Drooling, Dozing, Disorientation: 'Potter' Was Worth It

Reporter exults after plowing through new book -- all 759 pages of it.

July 21, 2007 — -- I had planned to read this book deliciously slowly -- going over page after page, knowing that it was the last time I would truly enter a world so clearly painted, one I might even feel a part of.

But after I elbowed my way to the front of the Borders line in New York's Columbus Circle, managing to buy the book by 12:07 a.m., get home by 12:33 and start reading around 12:57 a.m., I have not lifted my eyes from it until just now at about 2:46 p.m. on Saturday afternoon.

There were four hours or so I believe where my eyes did close, and I used the book as a pillow and my drool marked the where I left off reading -- at the top of page 437. But when I opened them again at about 8:15 a.m. or so, I picked up the book and started reading again like I had never stopped.

And now, 13 hours after I began, I have a few empty bottles of water and seltzer by me, and my left foot has fallen asleep, and I don't quite know where I am. I feel like if I turn and look out the window from the back of my eye, the outlines of Hogwarts would be seen, peaking through the trees and the dappled shade cast by their leaves.

I feel tingly and warm like I've bewitched, enchanted, or, as they say in the book, "confunded" by a twitch of a wand. Maybe I've been given some kind of love or happiness potion or maybe the book lying open on the sofa next to me emitted some magical enchantment that allows everything to seem right with the world.

Rowling's seventh novel, "Harry Potter and the Deathly Hallows," is a fast-paced thriller that leaves no stone unturned or question unanswered for those who have followed Harry from his first year at Hogwart until his last.

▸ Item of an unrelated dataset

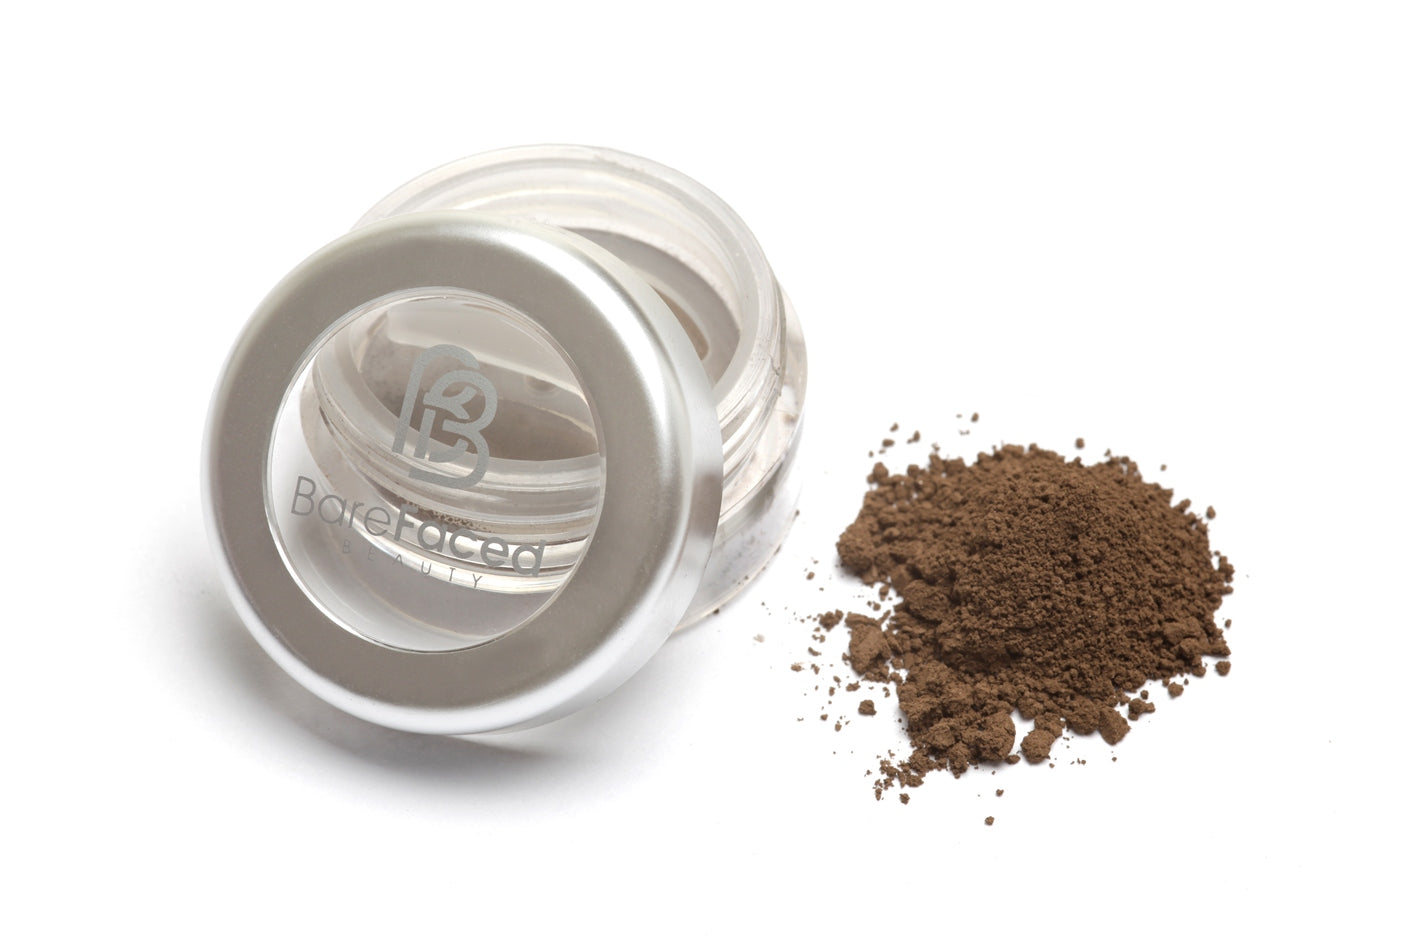 A small round pot of mineral eyeshadow, with a swatch of the powder next to it showing a matt smokey taupe

The action sequences often need rereading because it is finely detailed and rarely pauses. Readers dive back into Rowling's wizarding world with a lurching aerial battle that quickly plunges Harry and his best friends into the quest set for them at the end of the sixth book, "Harry Potter and the Half-Blood Prince."

Rowling is often merciless with her characters, plowing ahead with the action and allowing readers to mourn as little as her main protagonists as old favorites become victim to Lord Voldemort and his servants, the Death Eaters.

Many of the saga's most beloved characters are saved -- without saying which ones -- but only after they go through the wringer, allowing us as readers to see them mature.

Rowling stays remarkably true to the message she began her novels with -- that love is the greatest magic of all.

When readers first met Harry in "Harry Potter and the Sorcerer's Stone," he was an 11-year-old boy wizard, who we learned was orphaned at the age of one because an evil wizard, Lord Voldemort, decided to kill him. But Harry's parents gave up their lives so their son could have his.

In that ultimate act of self-sacrifice, Rowling crafted a journey to adulthood for a plucky young man who had to confront the dark wizard, and who could not understand that greatness and power mean nothing in the face of life's most important and magical lessons -- that love, kindness, selflessness and remorse can conquer even the darkest enchantments.

The seventh novel is a realization of this theme. It is an act of of ultimate sacrifice made by Harry that allows him to have the strength to kill Lord Voldemort. And it is the magic of love that allows even some of his most bitter enemies to become some of his greatest helpers along the way.

I realize that my warm-and-fuzzy descriptions might make one think that Rowling has gone a bit soft in the head in her seventh book, or that maybe I'm just too sentimental.

But for a reporter who has loved the books and spent the last two weeks immersed in asking fans, publishers and editors just why Potter mania swept the world, I think the seventh book has finally given me an answer.

For me, I loved the Harry Potter books because the most magical thing about him is so human. He is motivated by his love and care for those around him, so much so that he is willing to sacrifice his own life for it – just as his parents once sacrificed their lives for him. And Rowling makes that the foundation for his ultimate victory, and by extensions gives us access to a magic that's within our reach.